Madelung's constant is defined to the coefficient of electrostatic potential energy in a ionic crystal. In the example of $NaCl$, \begin{equation} M = \sum_{ijk}{}^{'}\frac{(-1)^{i+j+k}}{\sqrt{i^2+j^2+k^2}} \end{equation} is conditionally convergent.

Since this sum is conditionally convergent it is not suitable as definition of Madelung's constant unless the order of summation is also specified. There are two "obvious" methods of summing this series, by expanding cubes or expanding spheres. The latter, though devoid of a meaningful physical interpretation (there are no spherical crystals) is rather popular because of its simplicity. Thus, the following expansion is often found in the literature:[2] $$ M = -6 +12/ \sqrt{2} -8/ \sqrt{3} +6/2 - 24/ \sqrt{5} + \dotsb = -1.74756\dots. $$ However, this is wrong as this series diverges as was shown by Emersleben in 1951.[3][4] The summation over expanding cubes converges to the correct value. An unambiguous mathematical definition is given by Borwein, Borwein and Taylor by means of analytic continuation of an absolutely convergent series.

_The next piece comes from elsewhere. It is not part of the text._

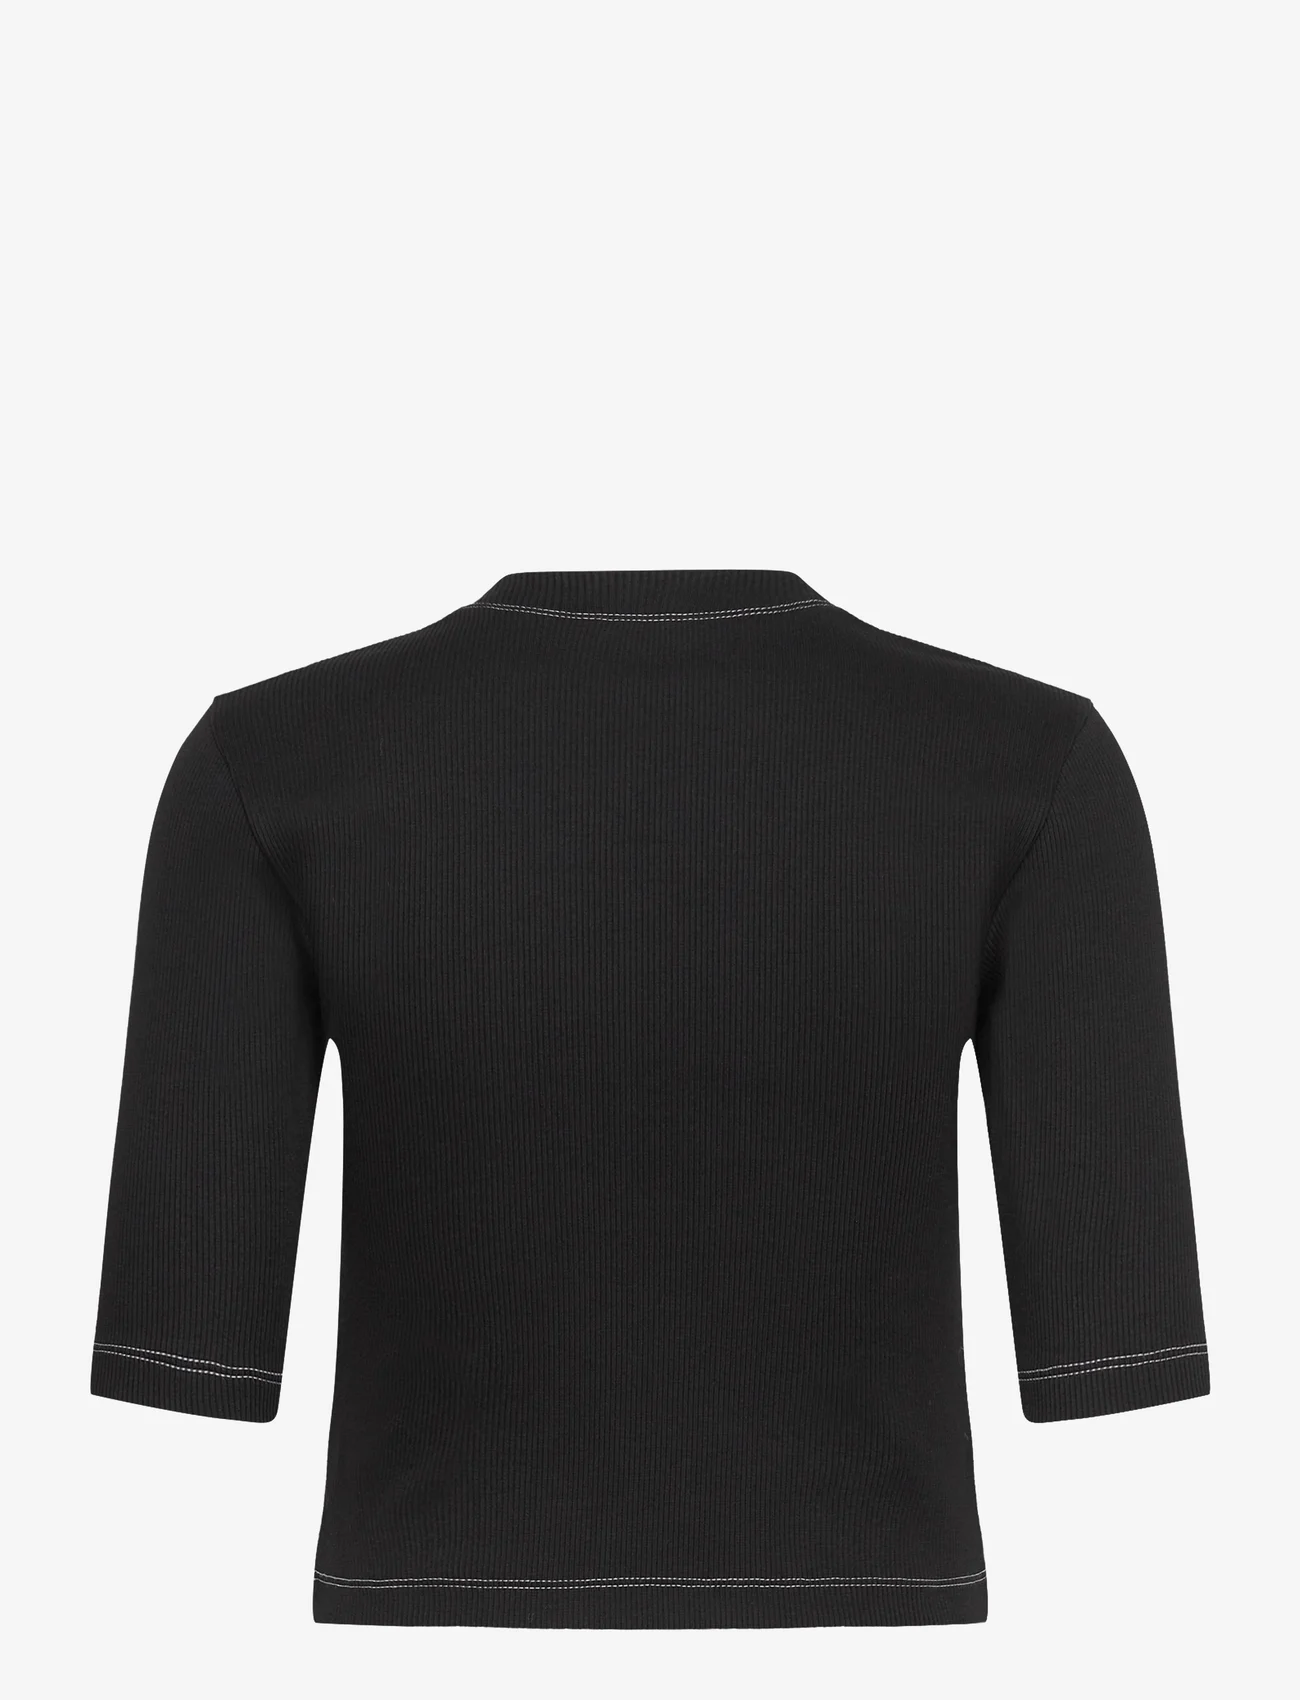 Day Birger et Mikkelsen - Bram - Heavy Rib - t-shirts - black - 1

I have the following questions.

1) Expanding sphere leads to a divergent series. OK, what if I make a perfect spherical sample of $NaCl$, will the experimentally measured Madelung's constant to be infinity?

(EDIT: I maybe have some misunderstanding of divergence: it could be the case that the series is bounded but don't have a definite limit. So is the series for expanding sphere bounded? and if there is no definite limit, what's the experimentally measured value for a perfect spherical crystal?)

2) What physical principle dictates the order of summation? or why does finite number obtained by analytic continuation should be consistent with the observed value?

3) What is the role of charge neutrality here? I ever programed to compute Madelung's constant using the fractional charge idea((assign $\frac{1}{8}$ charge to the corner, $\frac{1}{4}$ to the edge, $\frac{1}{2}$ to the face ), which makes the expanding cube charge neutral. Does that mean charge neutrality is one of conditions that must be enforced? or it is just for the sake of computational efficiency?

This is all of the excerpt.